Stored data entries
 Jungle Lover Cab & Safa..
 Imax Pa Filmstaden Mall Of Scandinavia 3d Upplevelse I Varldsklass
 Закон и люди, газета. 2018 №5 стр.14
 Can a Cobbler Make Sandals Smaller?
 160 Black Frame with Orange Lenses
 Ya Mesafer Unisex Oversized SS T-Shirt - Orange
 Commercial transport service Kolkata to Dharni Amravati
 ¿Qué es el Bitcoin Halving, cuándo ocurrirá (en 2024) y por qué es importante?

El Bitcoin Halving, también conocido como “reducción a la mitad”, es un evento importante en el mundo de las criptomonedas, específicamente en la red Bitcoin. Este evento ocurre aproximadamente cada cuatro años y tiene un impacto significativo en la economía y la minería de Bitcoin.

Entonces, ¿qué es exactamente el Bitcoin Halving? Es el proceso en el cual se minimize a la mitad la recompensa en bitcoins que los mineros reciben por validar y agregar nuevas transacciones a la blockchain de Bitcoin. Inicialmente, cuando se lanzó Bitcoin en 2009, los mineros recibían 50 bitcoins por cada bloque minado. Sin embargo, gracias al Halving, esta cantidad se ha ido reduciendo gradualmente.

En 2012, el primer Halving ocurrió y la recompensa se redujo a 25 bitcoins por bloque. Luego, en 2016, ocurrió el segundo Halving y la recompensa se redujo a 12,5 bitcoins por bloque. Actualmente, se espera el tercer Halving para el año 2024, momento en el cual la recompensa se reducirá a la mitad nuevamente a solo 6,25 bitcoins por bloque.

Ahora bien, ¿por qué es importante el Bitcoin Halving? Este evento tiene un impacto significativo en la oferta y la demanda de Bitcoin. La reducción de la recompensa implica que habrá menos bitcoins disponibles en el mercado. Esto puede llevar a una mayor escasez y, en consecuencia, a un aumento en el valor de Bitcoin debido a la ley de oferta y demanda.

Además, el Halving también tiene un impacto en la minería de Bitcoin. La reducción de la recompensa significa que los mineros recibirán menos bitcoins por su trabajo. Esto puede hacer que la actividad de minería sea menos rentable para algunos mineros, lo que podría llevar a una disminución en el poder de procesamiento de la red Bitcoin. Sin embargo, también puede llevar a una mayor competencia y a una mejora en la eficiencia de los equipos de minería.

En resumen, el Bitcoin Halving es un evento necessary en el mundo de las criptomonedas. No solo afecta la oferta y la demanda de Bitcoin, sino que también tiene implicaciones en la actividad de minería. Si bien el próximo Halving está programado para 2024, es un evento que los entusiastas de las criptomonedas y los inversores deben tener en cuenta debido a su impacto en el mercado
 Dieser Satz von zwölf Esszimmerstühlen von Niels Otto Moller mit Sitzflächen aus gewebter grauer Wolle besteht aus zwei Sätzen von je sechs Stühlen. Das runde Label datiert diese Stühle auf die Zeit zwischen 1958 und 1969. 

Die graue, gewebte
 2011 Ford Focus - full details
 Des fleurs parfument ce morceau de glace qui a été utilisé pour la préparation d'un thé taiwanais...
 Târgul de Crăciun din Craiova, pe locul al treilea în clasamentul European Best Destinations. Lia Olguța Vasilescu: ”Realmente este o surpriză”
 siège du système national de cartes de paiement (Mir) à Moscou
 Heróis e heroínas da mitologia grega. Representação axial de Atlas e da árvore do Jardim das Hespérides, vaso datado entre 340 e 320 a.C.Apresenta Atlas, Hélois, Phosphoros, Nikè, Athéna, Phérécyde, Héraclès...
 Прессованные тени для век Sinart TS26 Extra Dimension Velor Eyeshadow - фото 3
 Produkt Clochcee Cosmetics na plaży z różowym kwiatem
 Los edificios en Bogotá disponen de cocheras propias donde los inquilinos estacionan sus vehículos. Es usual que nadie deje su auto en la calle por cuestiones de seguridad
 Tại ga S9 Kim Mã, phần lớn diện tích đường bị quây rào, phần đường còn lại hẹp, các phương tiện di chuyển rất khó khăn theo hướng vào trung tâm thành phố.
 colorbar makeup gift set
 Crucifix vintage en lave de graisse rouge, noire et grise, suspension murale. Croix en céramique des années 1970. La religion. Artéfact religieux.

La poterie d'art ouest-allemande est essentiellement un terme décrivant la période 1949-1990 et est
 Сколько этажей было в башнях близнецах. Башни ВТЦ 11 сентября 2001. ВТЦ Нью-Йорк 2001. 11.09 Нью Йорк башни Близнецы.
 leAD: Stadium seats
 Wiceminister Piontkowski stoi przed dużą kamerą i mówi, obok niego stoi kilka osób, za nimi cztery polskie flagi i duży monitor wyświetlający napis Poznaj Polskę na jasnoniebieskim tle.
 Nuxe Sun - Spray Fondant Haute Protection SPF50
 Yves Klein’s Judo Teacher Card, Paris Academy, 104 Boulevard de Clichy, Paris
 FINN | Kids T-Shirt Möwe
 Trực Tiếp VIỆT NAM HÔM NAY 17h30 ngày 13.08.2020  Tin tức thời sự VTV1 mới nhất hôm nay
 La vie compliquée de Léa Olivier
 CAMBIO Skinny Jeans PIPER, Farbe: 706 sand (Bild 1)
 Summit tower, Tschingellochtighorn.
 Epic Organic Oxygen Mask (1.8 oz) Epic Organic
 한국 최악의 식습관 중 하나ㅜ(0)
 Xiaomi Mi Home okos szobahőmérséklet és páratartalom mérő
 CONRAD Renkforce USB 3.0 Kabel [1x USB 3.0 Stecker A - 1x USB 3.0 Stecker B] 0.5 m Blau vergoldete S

**REQUIREMENT:** Write the whole of the data out again exactly as it stands.

**EXERCISE SOLUTION:**
 Jungle Lover Cab & Safa..
 Imax Pa Filmstaden Mall Of Scandinavia 3d Upplevelse I Varldsklass
 Закон и люди, газета. 2018 №5 стр.14
 Can a Cobbler Make Sandals Smaller?
 160 Black Frame with Orange Lenses
 Ya Mesafer Unisex Oversized SS T-Shirt - Orange
 Commercial transport service Kolkata to Dharni Amravati
 ¿Qué es el Bitcoin Halving, cuándo ocurrirá (en 2024) y por qué es importante?

El Bitcoin Halving, también conocido como “reducción a la mitad”, es un evento importante en el mundo de las criptomonedas, específicamente en la red Bitcoin. Este evento ocurre aproximadamente cada cuatro años y tiene un impacto significativo en la economía y la minería de Bitcoin.

Entonces, ¿qué es exactamente el Bitcoin Halving? Es el proceso en el cual se minimize a la mitad la recompensa en bitcoins que los mineros reciben por validar y agregar nuevas transacciones a la blockchain de Bitcoin. Inicialmente, cuando se lanzó Bitcoin en 2009, los mineros recibían 50 bitcoins por cada bloque minado. Sin embargo, gracias al Halving, esta cantidad se ha ido reduciendo gradualmente.

En 2012, el primer Halving ocurrió y la recompensa se redujo a 25 bitcoins por bloque. Luego, en 2016, ocurrió el segundo Halving y la recompensa se redujo a 12,5 bitcoins por bloque. Actualmente, se espera el tercer Halving para el año 2024, momento en el cual la recompensa se reducirá a la mitad nuevamente a solo 6,25 bitcoins por bloque.

Ahora bien, ¿por qué es importante el Bitcoin Halving? Este evento tiene un impacto significativo en la oferta y la demanda de Bitcoin. La reducción de la recompensa implica que habrá menos bitcoins disponibles en el mercado. Esto puede llevar a una mayor escasez y, en consecuencia, a un aumento en el valor de Bitcoin debido a la ley de oferta y demanda.

Además, el Halving también tiene un impacto en la minería de Bitcoin. La reducción de la recompensa significa que los mineros recibirán menos bitcoins por su trabajo. Esto puede hacer que la actividad de minería sea menos rentable para algunos mineros, lo que podría llevar a una disminución en el poder de procesamiento de la red Bitcoin. Sin embargo, también puede llevar a una mayor competencia y a una mejora en la eficiencia de los equipos de minería.

En resumen, el Bitcoin Halving es un evento necessary en el mundo de las criptomonedas. No solo afecta la oferta y la demanda de Bitcoin, sino que también tiene implicaciones en la actividad de minería. Si bien el próximo Halving está programado para 2024, es un evento que los entusiastas de las criptomonedas y los inversores deben tener en cuenta debido a su impacto en el mercado
 Dieser Satz von zwölf Esszimmerstühlen von Niels Otto Moller mit Sitzflächen aus gewebter grauer Wolle besteht aus zwei Sätzen von je sechs Stühlen. Das runde Label datiert diese Stühle auf die Zeit zwischen 1958 und 1969. 

Die graue, gewebte
 2011 Ford Focus - full details
 Des fleurs parfument ce morceau de glace qui a été utilisé pour la préparation d'un thé taiwanais...
 Târgul de Crăciun din Craiova, pe locul al treilea în clasamentul European Best Destinations. Lia Olguța Vasilescu: ”Realmente este o surpriză”
 siège du système national de cartes de paiement (Mir) à Moscou
 Heróis e heroínas da mitologia grega. Representação axial de Atlas e da árvore do Jardim das Hespérides, vaso datado entre 340 e 320 a.C.Apresenta Atlas, Hélois, Phosphoros, Nikè, Athéna, Phérécyde, Héraclès...
 Прессованные тени для век Sinart TS26 Extra Dimension Velor Eyeshadow - фото 3
 Produkt Clochcee Cosmetics na plaży z różowym kwiatem
 Los edificios en Bogotá disponen de cocheras propias donde los inquilinos estacionan sus vehículos. Es usual que nadie deje su auto en la calle por cuestiones de seguridad
 Tại ga S9 Kim Mã, phần lớn diện tích đường bị quây rào, phần đường còn lại hẹp, các phương tiện di chuyển rất khó khăn theo hướng vào trung tâm thành phố.
 colorbar makeup gift set
 Crucifix vintage en lave de graisse rouge, noire et grise, suspension murale. Croix en céramique des années 1970. La religion. Artéfact religieux.

La poterie d'art ouest-allemande est essentiellement un terme décrivant la période 1949-1990 et est
 Сколько этажей было в башнях близнецах. Башни ВТЦ 11 сентября 2001. ВТЦ Нью-Йорк 2001. 11.09 Нью Йорк башни Близнецы.
 leAD: Stadium seats
 Wiceminister Piontkowski stoi przed dużą kamerą i mówi, obok niego stoi kilka osób, za nimi cztery polskie flagi i duży monitor wyświetlający napis Poznaj Polskę na jasnoniebieskim tle.
 Nuxe Sun - Spray Fondant Haute Protection SPF50
 Yves Klein’s Judo Teacher Card, Paris Academy, 104 Boulevard de Clichy, Paris
 FINN | Kids T-Shirt Möwe
 Trực Tiếp VIỆT NAM HÔM NAY 17h30 ngày 13.08.2020  Tin tức thời sự VTV1 mới nhất hôm nay
 La vie compliquée de Léa Olivier
 CAMBIO Skinny Jeans PIPER, Farbe: 706 sand (Bild 1)
 Summit tower, Tschingellochtighorn.
 Epic Organic Oxygen Mask (1.8 oz) Epic Organic
 한국 최악의 식습관 중 하나ㅜ(0)
 Xiaomi Mi Home okos szobahőmérséklet és páratartalom mérő
 CONRAD Renkforce USB 3.0 Kabel [1x USB 3.0 Stecker A - 1x USB 3.0 Stecker B] 0.5 m Blau vergoldete S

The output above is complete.